▶ _PROBLEM DETAILS_
This exercise needs the listing below duplicated exactly.

*** Opening of RECORDS SHOWN ***

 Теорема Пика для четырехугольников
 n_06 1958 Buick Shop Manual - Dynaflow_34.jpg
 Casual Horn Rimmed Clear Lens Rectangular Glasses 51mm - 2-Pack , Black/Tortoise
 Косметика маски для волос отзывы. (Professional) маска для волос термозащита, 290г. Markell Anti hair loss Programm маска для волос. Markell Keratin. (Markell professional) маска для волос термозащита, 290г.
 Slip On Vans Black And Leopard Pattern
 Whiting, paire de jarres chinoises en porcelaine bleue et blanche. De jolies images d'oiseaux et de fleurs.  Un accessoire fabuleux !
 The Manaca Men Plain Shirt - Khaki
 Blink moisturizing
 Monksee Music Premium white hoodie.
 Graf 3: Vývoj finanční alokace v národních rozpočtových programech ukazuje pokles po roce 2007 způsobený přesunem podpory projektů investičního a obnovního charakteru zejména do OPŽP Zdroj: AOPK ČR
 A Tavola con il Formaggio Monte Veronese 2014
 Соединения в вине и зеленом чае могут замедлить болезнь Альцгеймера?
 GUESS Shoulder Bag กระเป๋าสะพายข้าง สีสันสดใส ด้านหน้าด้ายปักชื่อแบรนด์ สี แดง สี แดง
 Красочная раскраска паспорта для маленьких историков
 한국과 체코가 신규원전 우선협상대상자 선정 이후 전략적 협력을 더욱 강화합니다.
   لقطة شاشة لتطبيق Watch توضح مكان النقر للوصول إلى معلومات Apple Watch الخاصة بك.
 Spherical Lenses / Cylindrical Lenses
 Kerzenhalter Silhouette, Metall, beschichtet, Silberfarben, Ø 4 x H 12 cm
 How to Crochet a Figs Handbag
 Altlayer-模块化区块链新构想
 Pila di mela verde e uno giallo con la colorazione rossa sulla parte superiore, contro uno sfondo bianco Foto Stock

*** Close of RECORDS SHOWN ***

▶ _RESPONSE TO THE TASK_
 Теорема Пика для четырехугольников
 n_06 1958 Buick Shop Manual - Dynaflow_34.jpg
 Casual Horn Rimmed Clear Lens Rectangular Glasses 51mm - 2-Pack , Black/Tortoise
 Косметика маски для волос отзывы. (Professional) маска для волос термозащита, 290г. Markell Anti hair loss Programm маска для волос. Markell Keratin. (Markell professional) маска для волос термозащита, 290г.
 Slip On Vans Black And Leopard Pattern
 Whiting, paire de jarres chinoises en porcelaine bleue et blanche. De jolies images d'oiseaux et de fleurs.  Un accessoire fabuleux !
 The Manaca Men Plain Shirt - Khaki
 Blink moisturizing
 Monksee Music Premium white hoodie.
 Graf 3: Vývoj finanční alokace v národních rozpočtových programech ukazuje pokles po roce 2007 způsobený přesunem podpory projektů investičního a obnovního charakteru zejména do OPŽP Zdroj: AOPK ČR
 A Tavola con il Formaggio Monte Veronese 2014
 Соединения в вине и зеленом чае могут замедлить болезнь Альцгеймера?
 GUESS Shoulder Bag กระเป๋าสะพายข้าง สีสันสดใส ด้านหน้าด้ายปักชื่อแบรนด์ สี แดง สี แดง
 Красочная раскраска паспорта для маленьких историков
 한국과 체코가 신규원전 우선협상대상자 선정 이후 전략적 협력을 더욱 강화합니다.
   لقطة شاشة لتطبيق Watch توضح مكان النقر للوصول إلى معلومات Apple Watch الخاصة بك.
 Spherical Lenses / Cylindrical Lenses
 Kerzenhalter Silhouette, Metall, beschichtet, Silberfarben, Ø 4 x H 12 cm
 How to Crochet a Figs Handbag
 Altlayer-模块化区块链新构想
 Pila di mela verde e uno giallo con la colorazione rossa sulla parte superiore, contro uno sfondo bianco Foto Stock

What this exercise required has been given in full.